» **The task**: Everything from the line containing "Swix I84-150C Cleaner Glide Wax" to the end of the listing, both included, should be returned exactly, apart from the pictures.

» **Exercise data**:

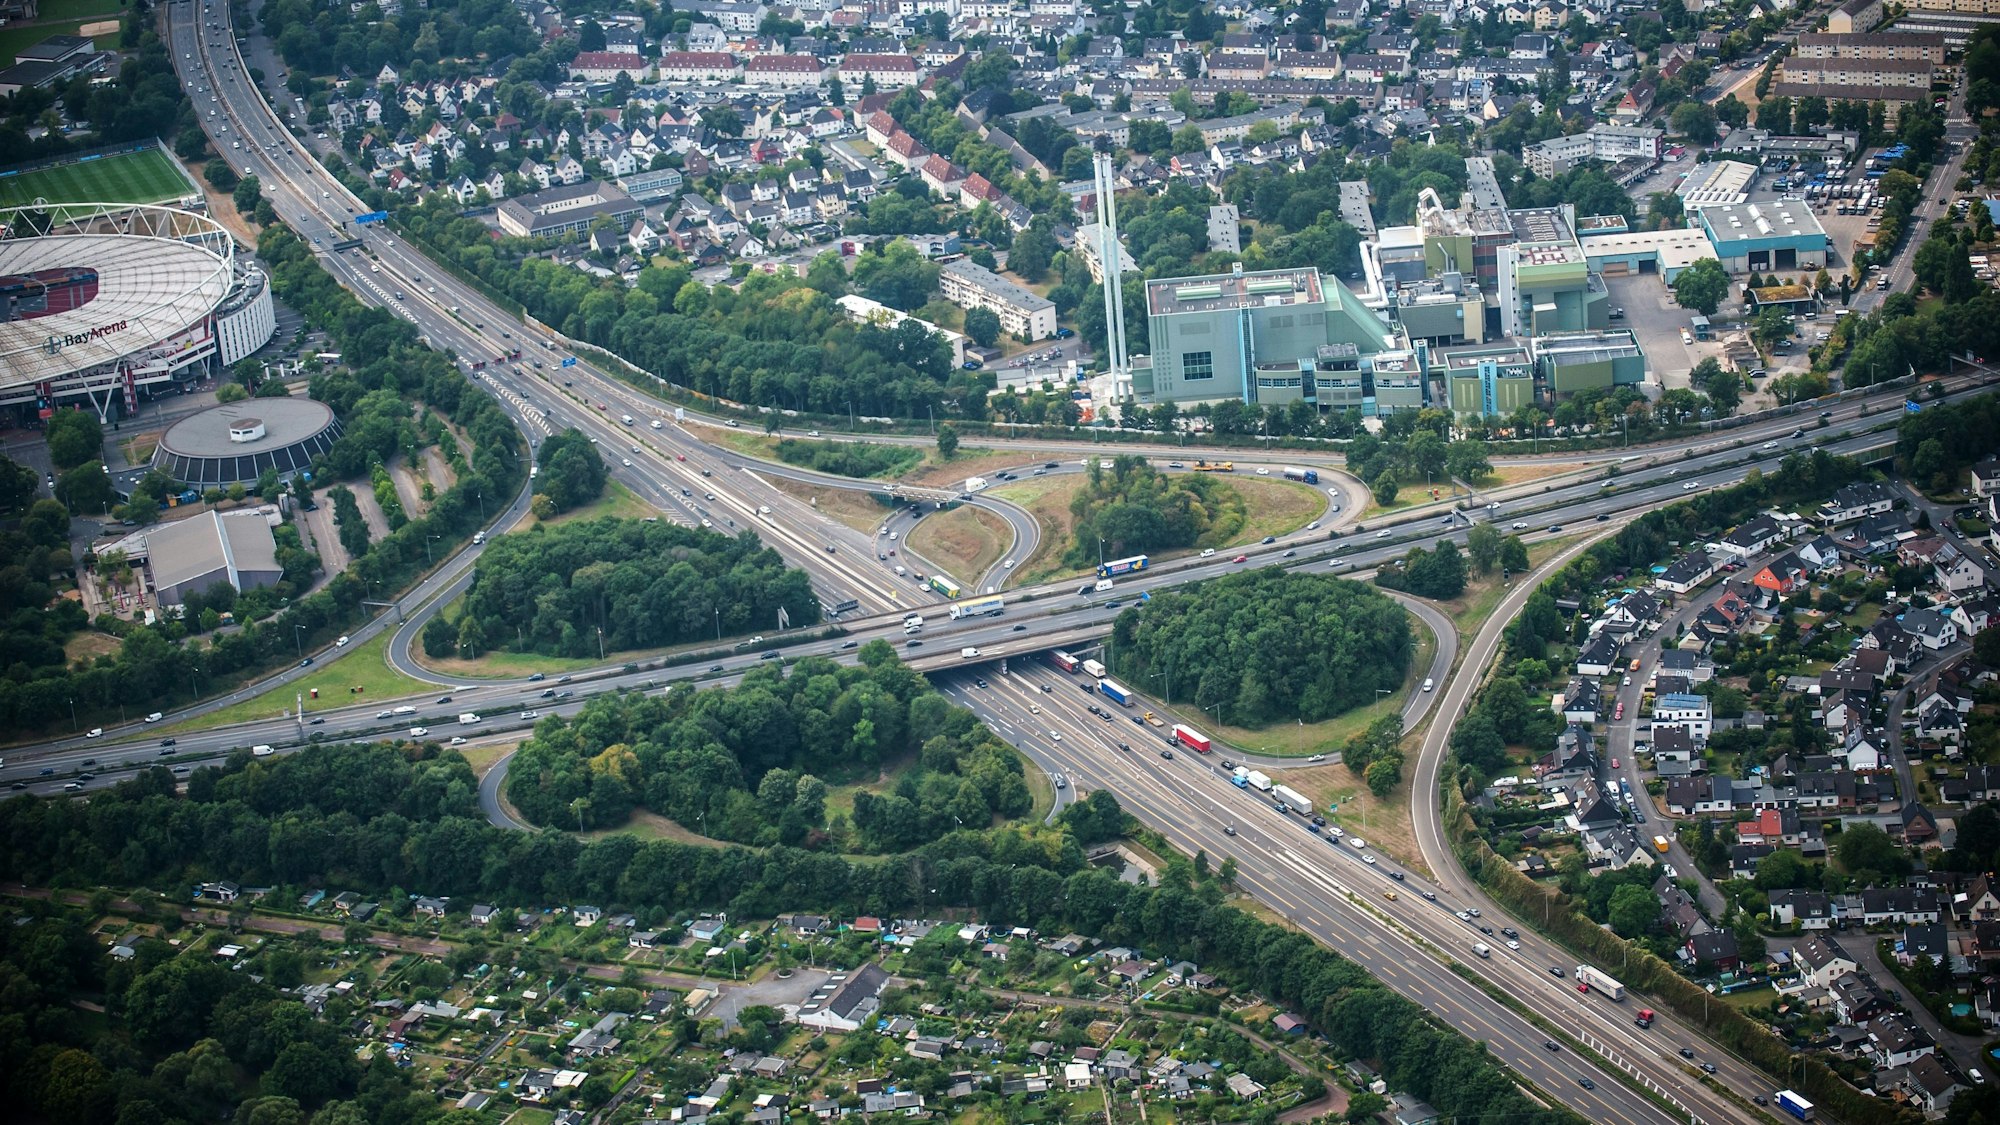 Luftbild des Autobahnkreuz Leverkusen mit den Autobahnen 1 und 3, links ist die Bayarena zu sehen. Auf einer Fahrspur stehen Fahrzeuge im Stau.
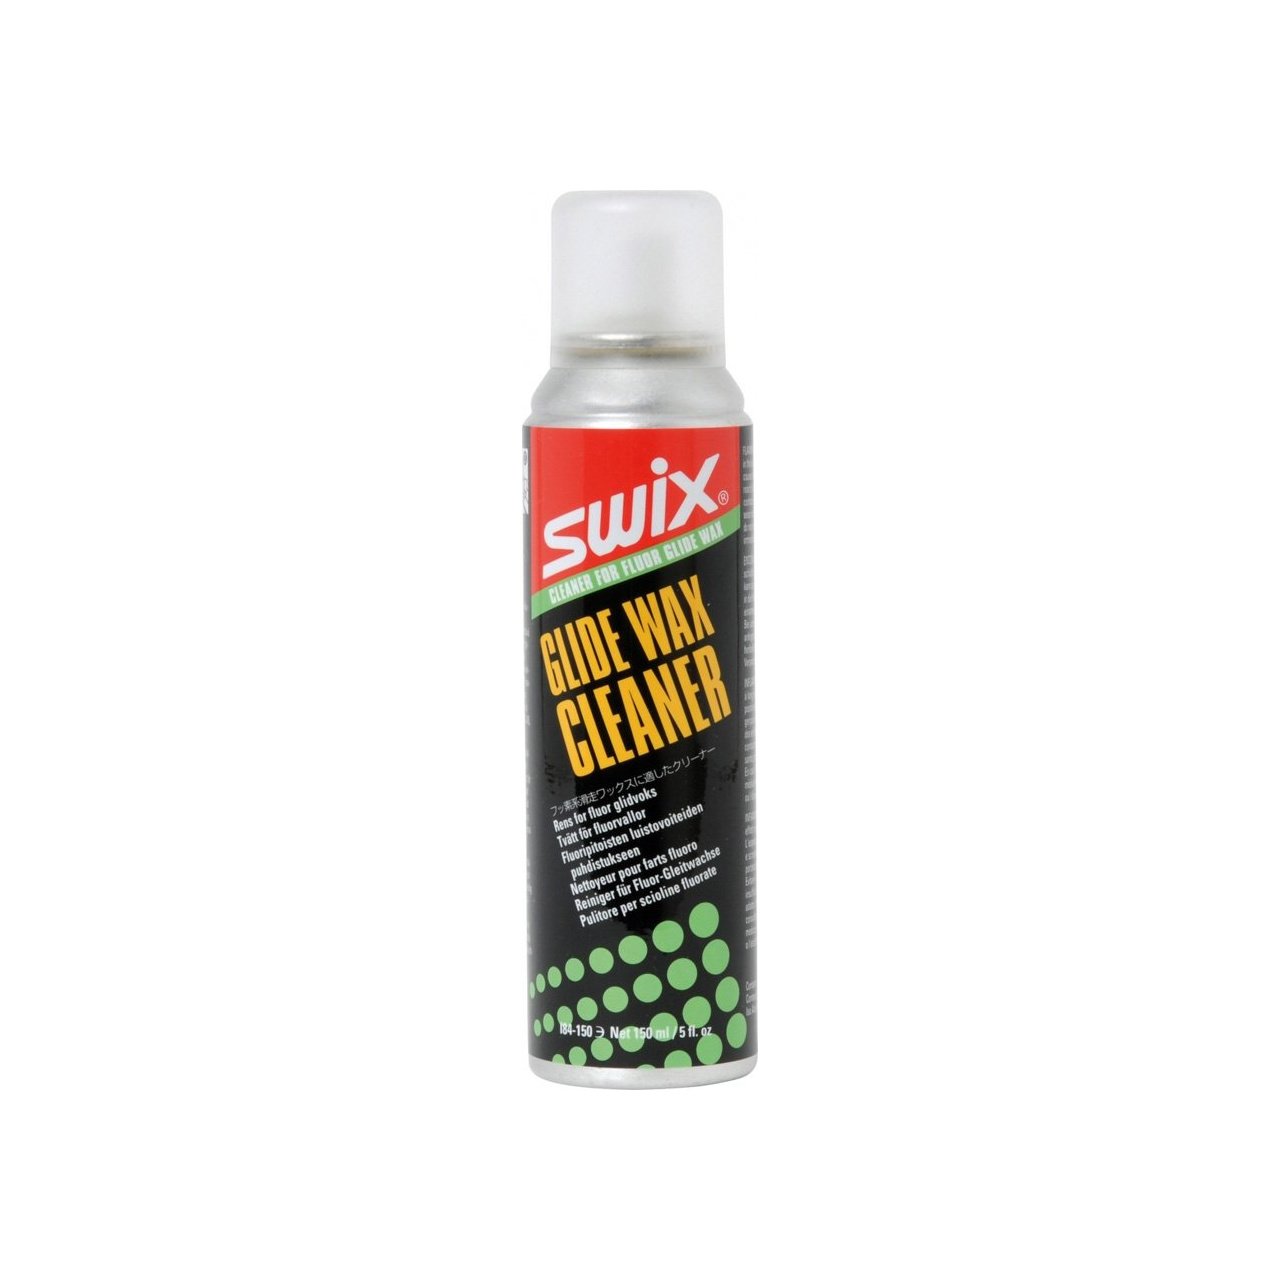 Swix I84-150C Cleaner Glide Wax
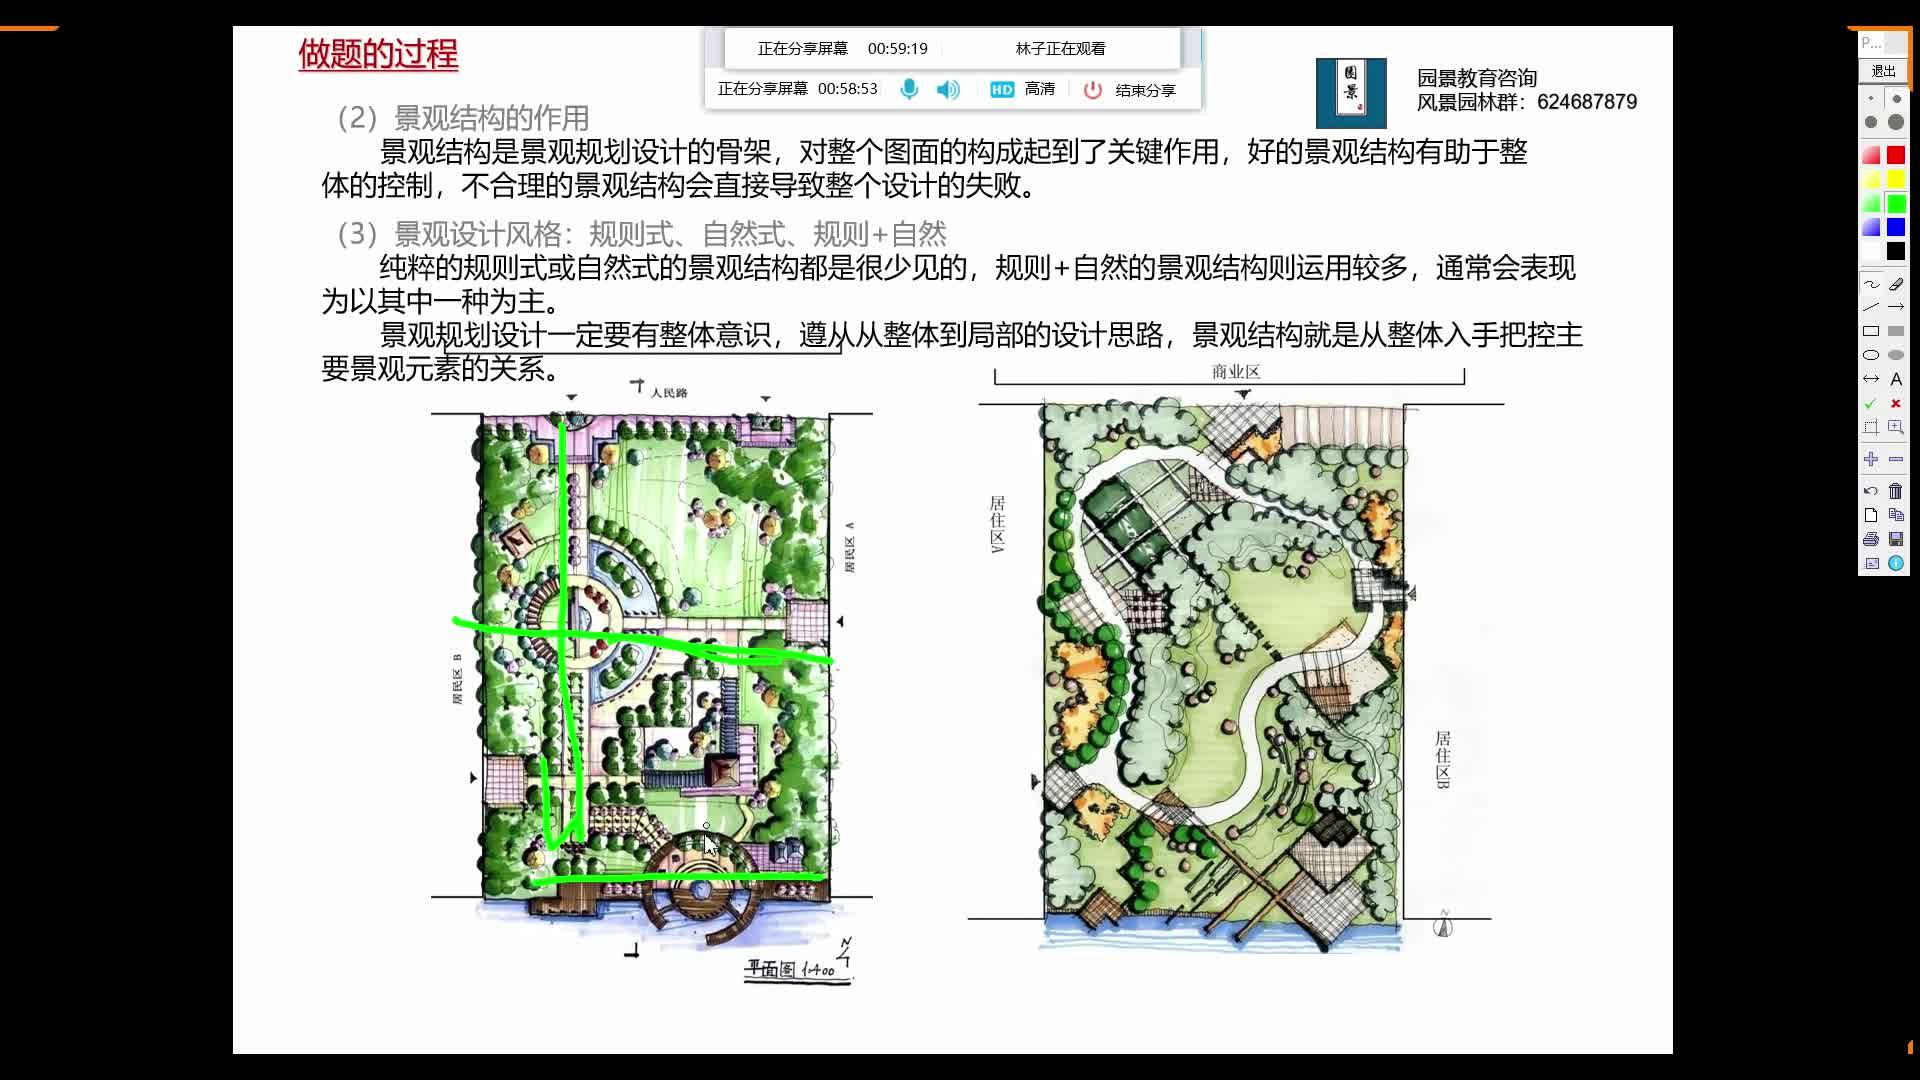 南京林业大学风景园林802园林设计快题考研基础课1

» **Answer for this exercise**:
 Swix I84-150C Cleaner Glide Wax
 南京林业大学风景园林802园林设计快题考研基础课1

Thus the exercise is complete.